La saison de Pro D2 s’achève ce samedi avec une finale très attendue à Ernest-Wallon : Vannes affronte Provence Rugby pour le titre et une place en Top 14.
Sur le papier, les Bretons partent favoris. Relégué l’an dernier après une première saison dans l’élite saluée, le RC Vannes a affiché une ambition claire de retour immédiat en Top 14. Tout au long de la saison, les Morbihannais ont dominé leur championnat avec autorité.
Vannes a terminé en tête de la phase régulière avec une confortable avance sur ses poursuivants. Avec quinze bonus offensifs au compteur, le club breton a prouvé sa supériorité dans la division. Cette domination a été confirmée en demi-finale face à Oyonnax, battu sèchement 48-7 grâce à une performance collective impressionnante emmenée par Francisco Gorrissen. Solide en défense, efficace au ballon et porté par une confiance collective forte, Vannes semble avoir tous les ingrédients pour décrocher un nouveau titre en Pro D2, après celui obtenu en 2024.

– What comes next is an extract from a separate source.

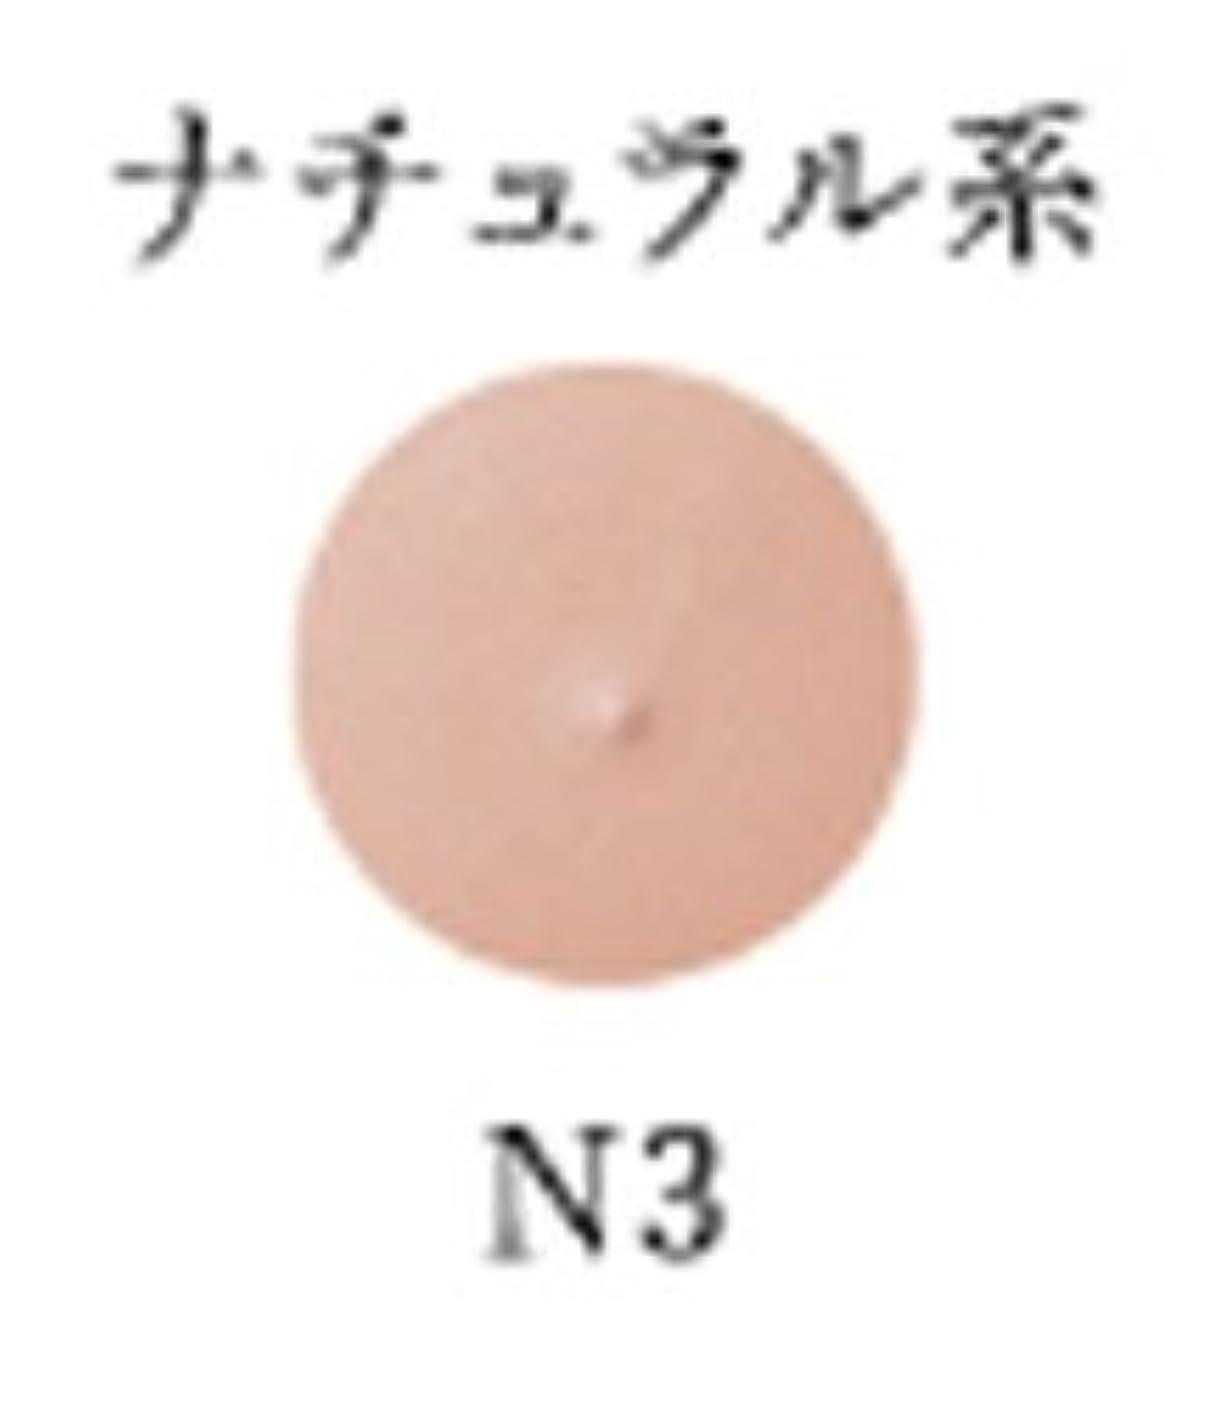 トランク参照酸素オリリー ナチュラルカバーファンデーション(リフィル)<ケース別売> 《12g》<カラー:N3>

Cependant, la finale reste incertaine. Provence Rugby arrive en outsider mais affiche une forme éclatante en cette fin de saison. Battus lourdement à l’aller (40-7), les Aixois ont renoué avec leur meilleur niveau en championnat en renversant Vannes 34-31 lors du match retour, après avoir été menés 24-0, infligeant « un impressionnant 34-0 » aux Bretons en seconde période.
Cette victoire a lancé une dynamique irrésistible. Provence Rugby a terminé la saison régulière sur un nuage, avant d’éliminer Brive en barrage (39-21) puis de réaliser un exploit à Colomiers (36-28) en demi-finale. Le coach Philippe Saint-André a savouré ce rôle d’outsider : « Continuez à dire qu’on est outsiders, ça nous va très bien. »
Ce discours reflète l’esprit combattif de Provence Rugby, capable de renverser la tendance face à un favori logique, Vannes. La finale s’annonce donc plus équilibrée qu’il n’y paraît.
Pour Midi Olympique, le RC Vannes reste le grand favori, sa régularité et sa maîtrise sur la durée offrant « les meilleures garanties » avant ce rendez-vous décisif. Mais dans une finale, tout peut basculer.